Task prompt = Write out the records once more, exactly, and keep any image out.

The records =

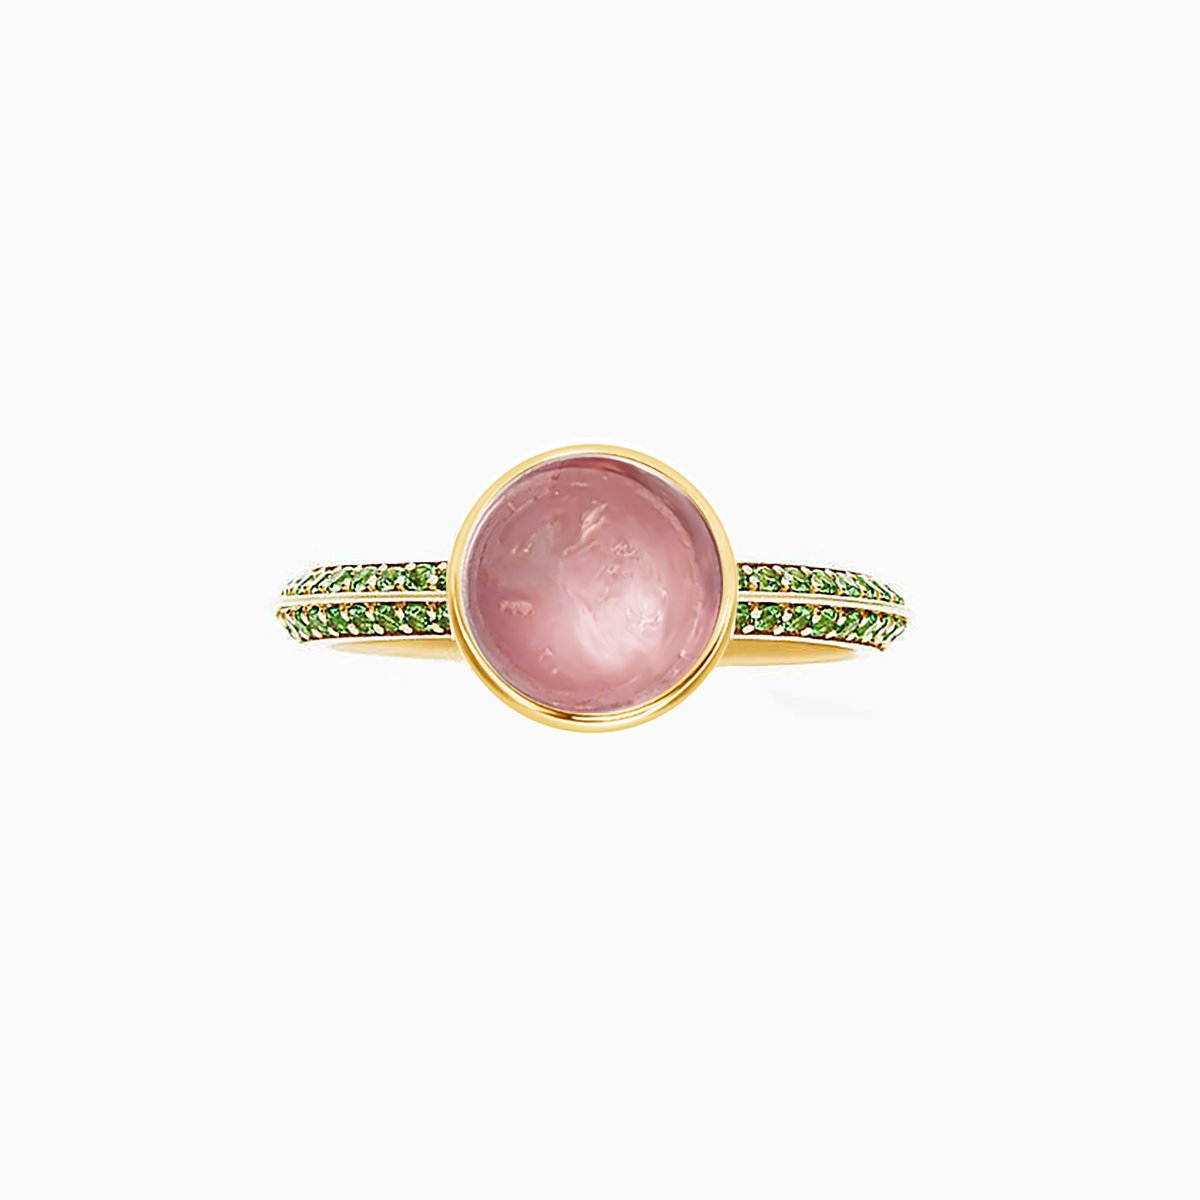 A bold ring for a daring lady. This design mix of cabochon and faceted cut, smooth and sharp lines, truly is an adventurous and unique art piece. 

#Gemstonering, #bezelsetting, #knife-edgeshank

bit.ly/3E3X8sW 

W144 G053 COCO SOLITAIRE GEMSTONE RING - PINK ROUND
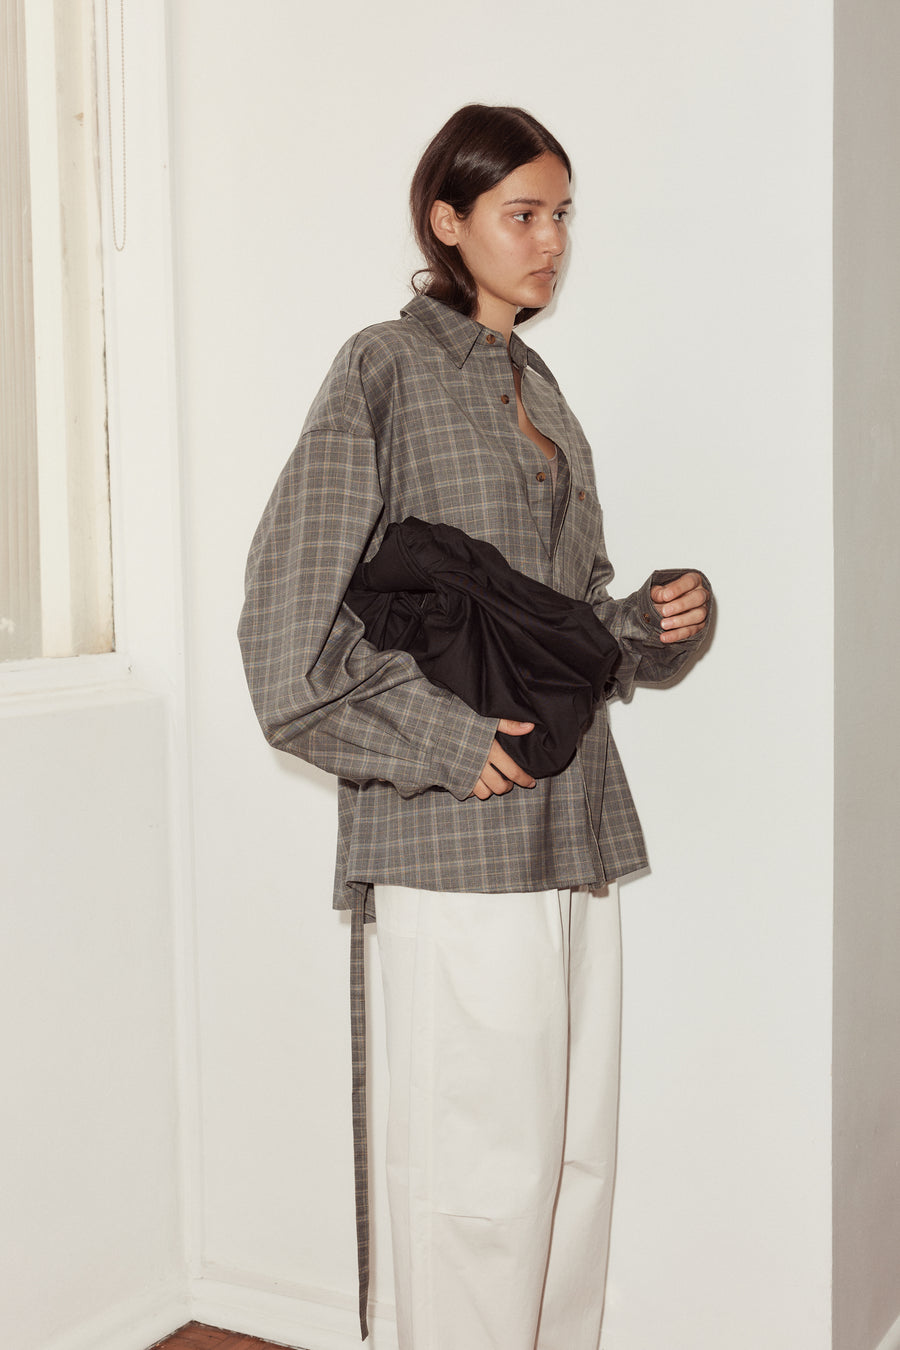 Mid shot of female model wearing the Wool Shirt in Everyday Check by Deiji Studios, holding the Bow Bag in black.
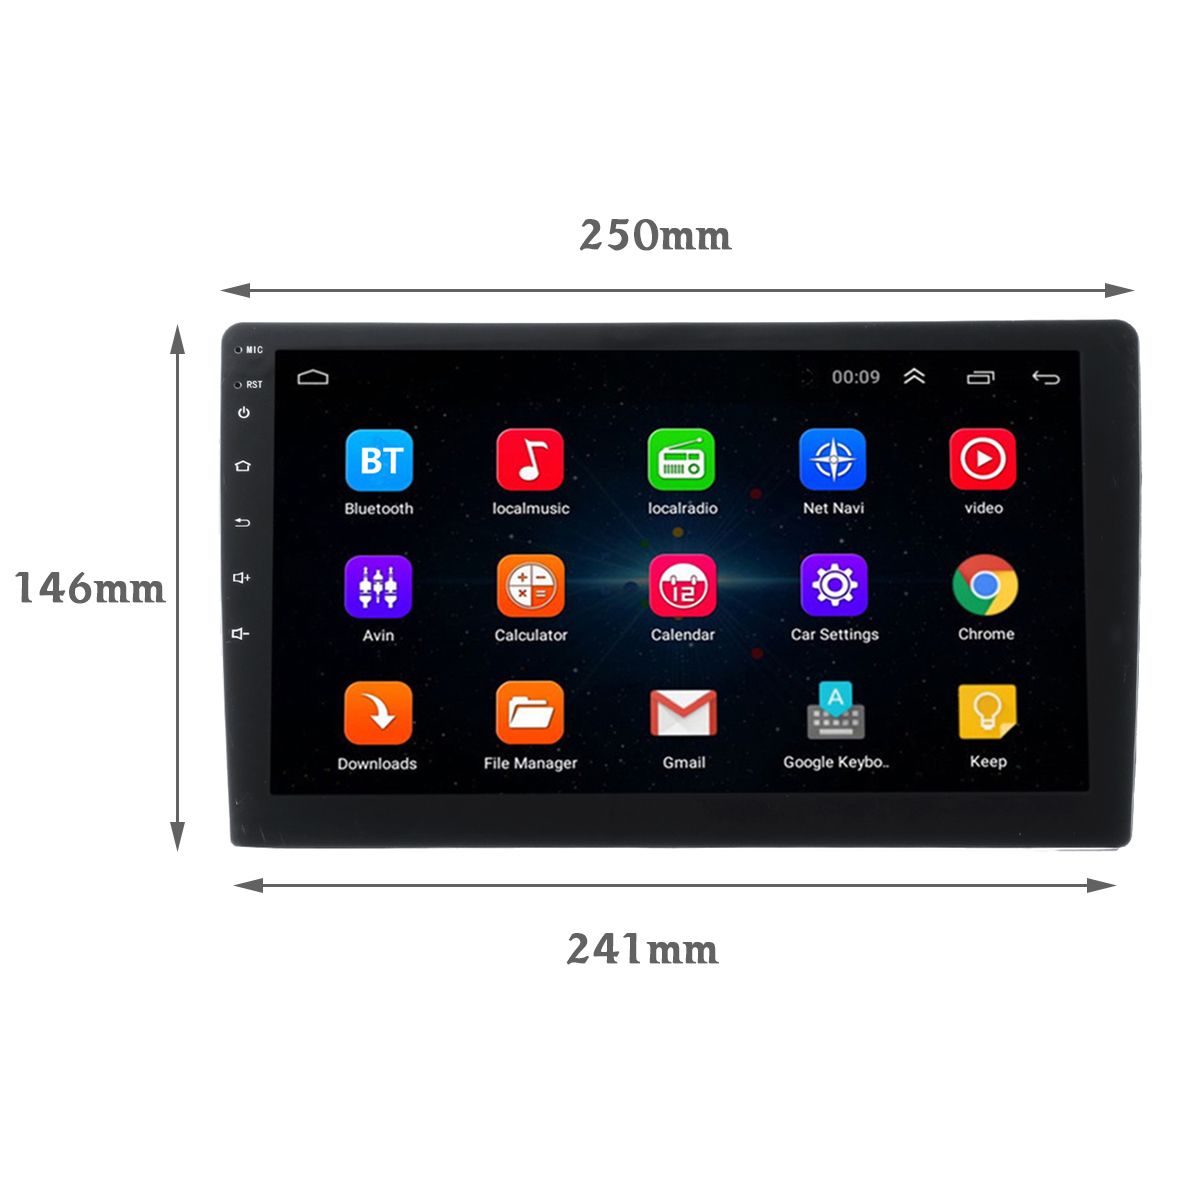 101-Inch-2-DIN-For-Android-80-Car-Stereo-Radio-25D-Touch-Screen-4-Core-2G32G-Screen-WIFI-GPS-Navigat-1432315

Solution to this problem =
 A bold ring for a daring lady. This design mix of cabochon and faceted cut, smooth and sharp lines, truly is an adventurous and unique art piece. 

#Gemstonering, #bezelsetting, #knife-edgeshank

bit.ly/3E3X8sW 

W144 G053 COCO SOLITAIRE GEMSTONE RING - PINK ROUND
 Mid shot of female model wearing the Wool Shirt in Everyday Check by Deiji Studios, holding the Bow Bag in black.
 101-Inch-2-DIN-For-Android-80-Car-Stereo-Radio-25D-Touch-Screen-4-Core-2G32G-Screen-WIFI-GPS-Navigat-1432315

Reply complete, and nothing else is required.